Knowledge Centre

Benefits of an SMSF

Written by Heffron | Jun 7, 2022 4:21:00 AM

 

1. Control 

For most Australians, superannuation is one of the largest assets we hold and naturally we want to control it.

As a trustee of an SMSF you have full control over your SMSF. That means you decide how to invest your retirement savings but it also means you are responsible for making key decisions like who can join the fund, what insurance is in place and how to deal with death benefits paid from the fund. Heffron helps with making sure you meet all your responsibilities as trustee.

 

 

2. Investment choice 

SMSFs allow you to invest in a range of assets, including investments which are unavailable in other types of super funds.

These include: 

  • investment properties 
  • listed and unlisted Australian and international shares 
  • term deposits 
  • collectibles, such as artwork 

 For example, an SMSF can acquire the premises of a small business operator and lease it back to the business. 

 

 

3. Investing together 

SMSFs with more than one person have a particular benefit – all the members can invest together rather than individually.

This feature can be very useful for couples, in particular: 

  • There is only one group of investments to manage rather than two (or more). It also means a couple’s wealth is combined when it comes to investing in things that might require a lot of money (for example, property, or something with a minimum initial investment). 
  • It doesn’t matter how many underlying member accounts there are – it doesn’t complicate the investment management of the fund. For example, it's quite common around retirement for a member to have more than one super account. They might have started taking money out (known as starting a pension) but also still occasionally make contributions.
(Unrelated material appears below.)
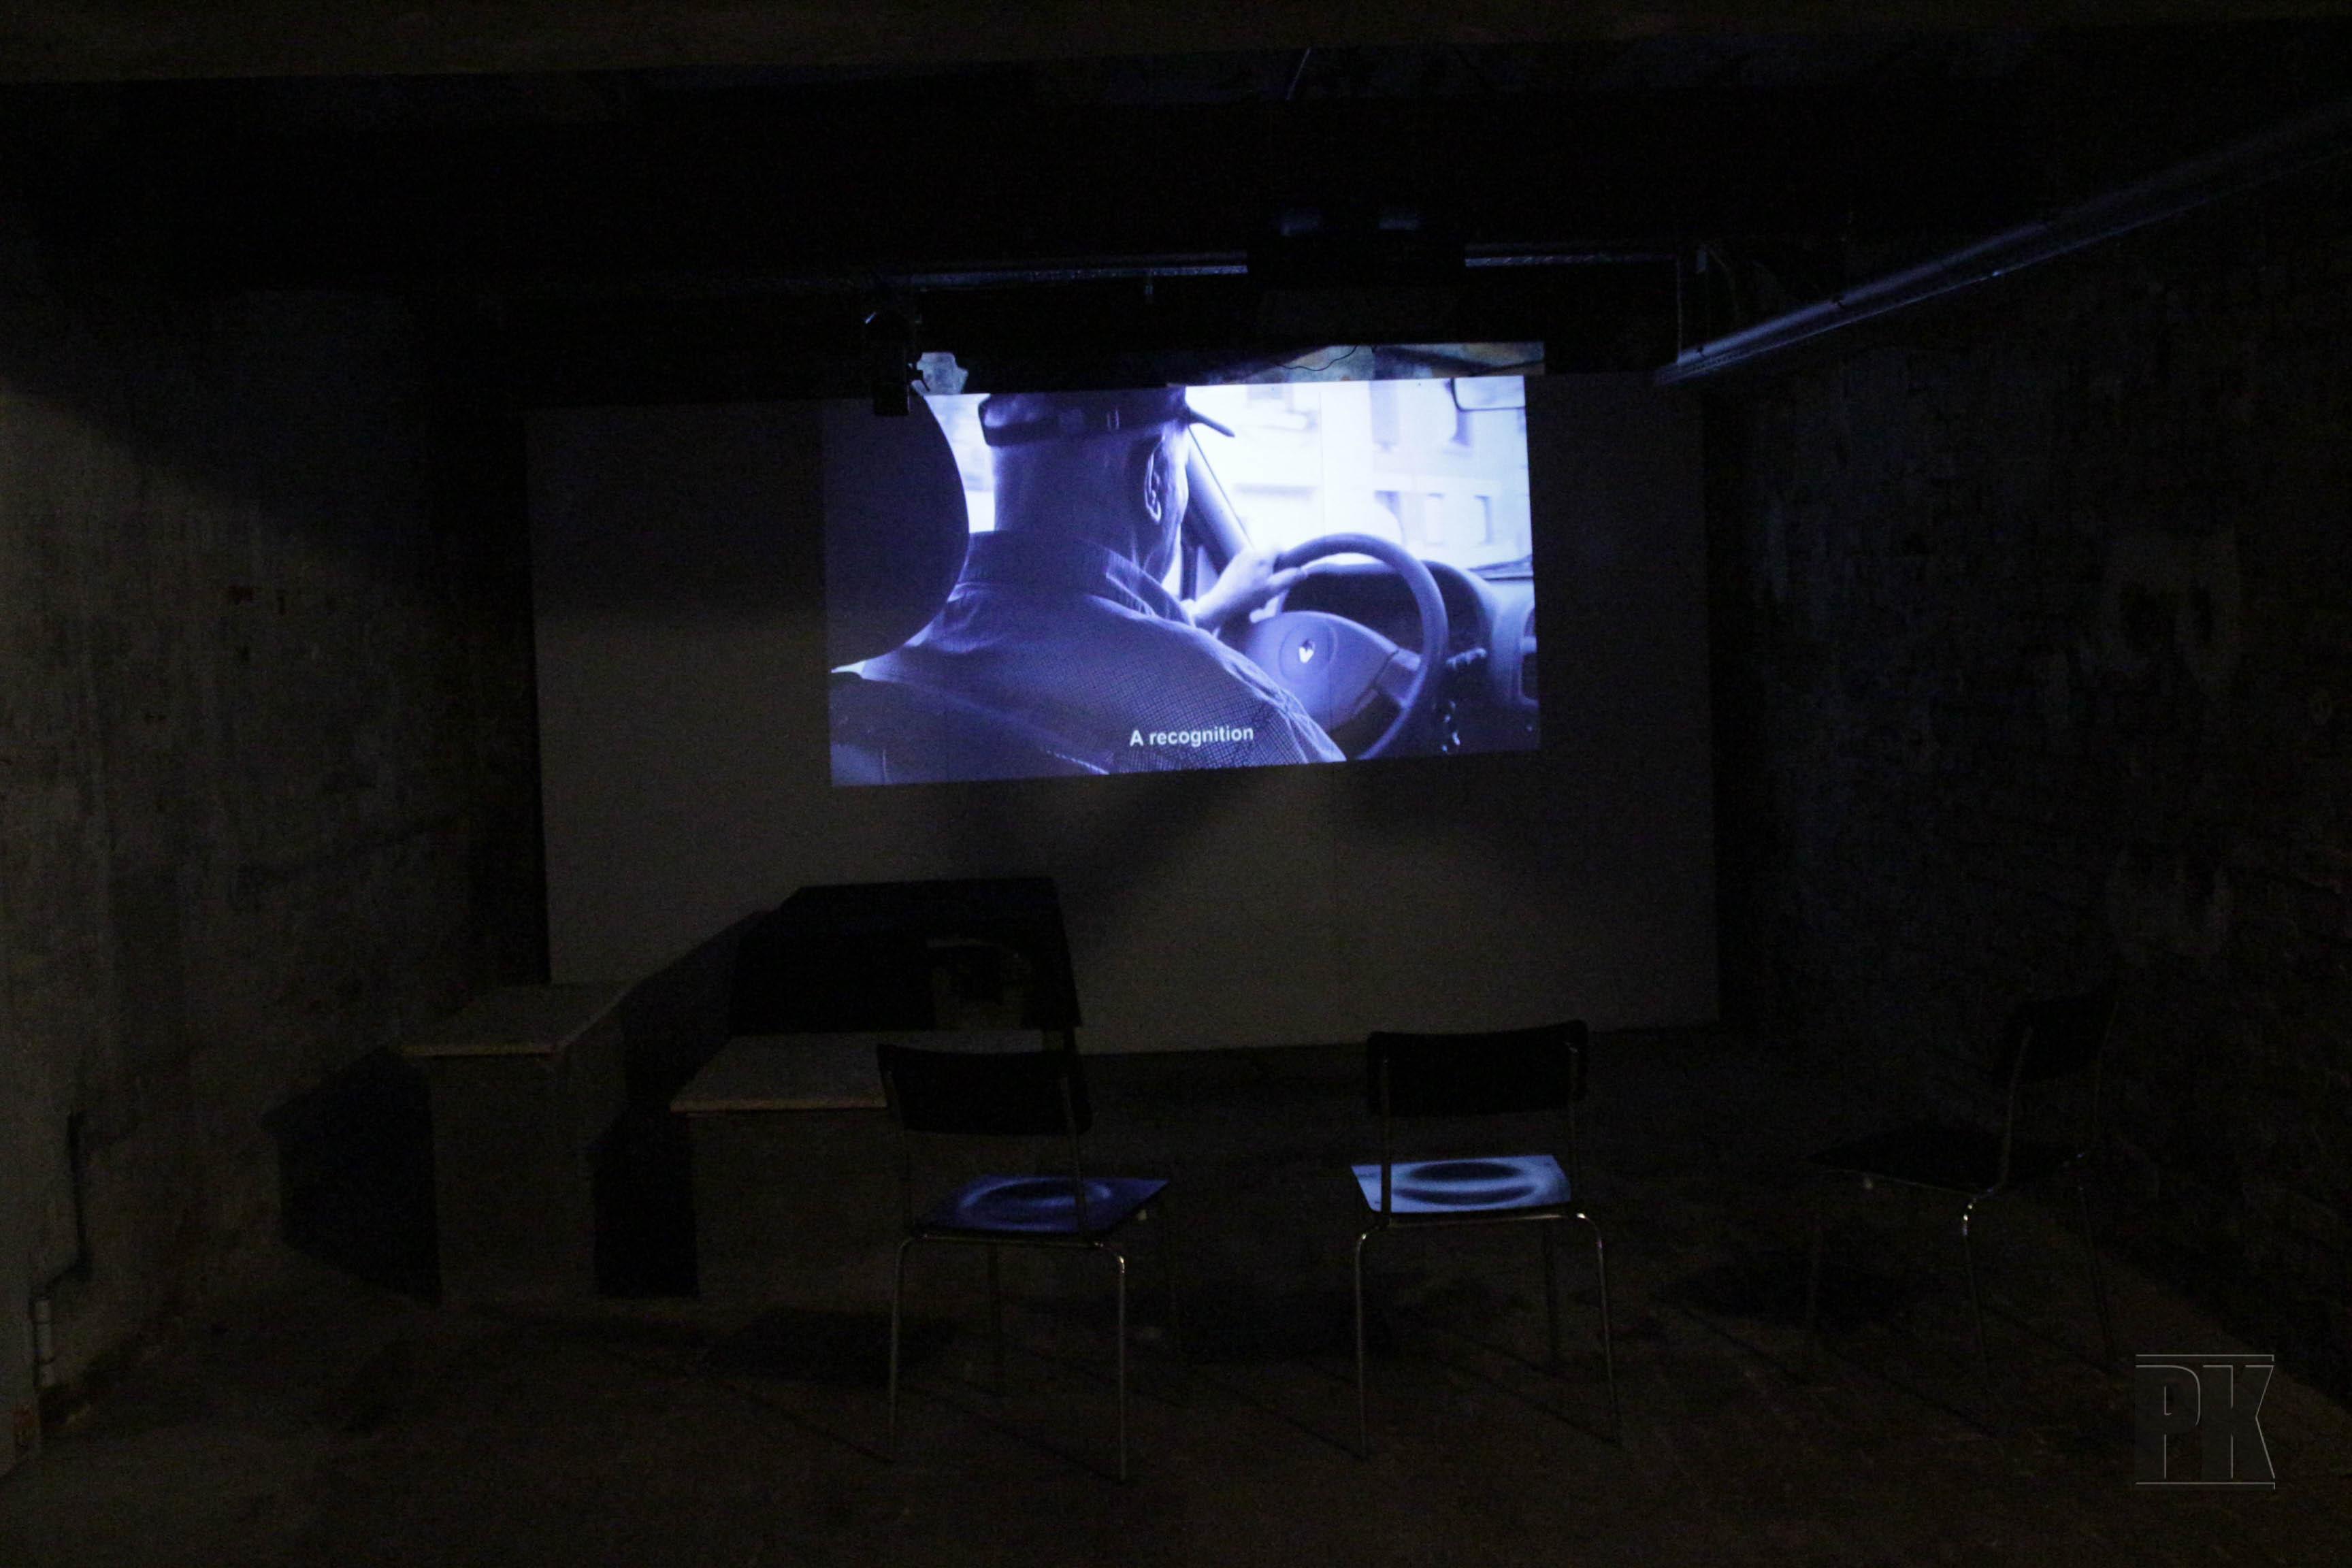 artist-work-Hungry-Dungeon-Friends-installation-view-PILOTENUECHE-International-Art-Program-at-KUNSTKRAFTWERK.-photo-Stanley-Louis-for-PK-45

These have to happen in two different super accounts. In a public funds, each one is invested separately. But in an SMSF, it doesn't matter how many super accounts there are, they can all be run (invested) together. 
  • Pension payments can be made from all the money coming into the fund’s bank account no matter where it comes from. That’s not only contributions (even from other members) but it also includes all income from all investments in the fund. That’s quite different to a public fund where the pension account only receives cash flow from the assets supporting the pension. So unlike members with pensions in public funds, an SMSF trustee won’t be (say) selling assets on the one hand to pay pensions while at the same time making new investments with contributions or other income. 

 

 

 4. Cost 

Most super funds charge administration fees calculated as a percentage of your superannuation balance, so as your super grows so do your fees.

SMSFs, generally incur fixed administration fees regardless of the value of your super benefit. This means as your super grows your fees as a percentage of your super balance fall. Since you can have up to six members in the fund, the fixed administration fees can be shared across members to further reduce your administration costs. 

See our range of services and pricing for trustees here.

 

 

 5. Tax benefits 

While all super funds are subject to the same tax rules, there are some tax benefits that large funds choose not to take advantage of because it is not practical for them, requires expensive system changes or disadvantages other members.

In your SMSF you can make tax choices that are right for you. Heffron can help you understand the tax advantages that may be available in your SMSF.

 

 

6. Borrowing 

In 2007 new rules were introduced which allows super funds to borrow money for certain assets. Being able to borrow in your SMSF allows you to invest in larger assets such as an investment property. 

 

 

7. Portability 

Your SMSF is your lifetime retirement savings fund. You can switch service providers while retaining the same fund and investments.

With retail and industry super funds, changing service providers usually involves switching from one super fund to another. Not only is this time consuming, it can also mean taxes like a capital gains tax are paid on your balance, reducing your retirement savings. 

 

 

 

8. Agility

Not only is it possible to change virtually everything about an SMSF, it is also possible to do many of these things quickly. 

SMSFs can respond instantly to new legislation or new strategies and allow their members to take advantage of them immediately. There is no need to wait for new systems or processes – the trustees can simply decide to do it and, if necessary, update their trust deed (the legal document governing how their fund operates) to allow it. 

For example, SMSFs can start pensions the moment a member decides to do it (as long as they’re eligible). Public funds require forms. SMSFs can urgently pay out benefits to (say) a spouse when a fund member dies. Public funds need processed to make sure they are paying the right person.  

 

 

9. Estate planning 

An SMSF gives you greater flexibility and control in how you pass your wealth on to your family or other beneficiaries when you die. You can create a strategy to accomplish exactly what you are after, taking advantage of all available tax benefits.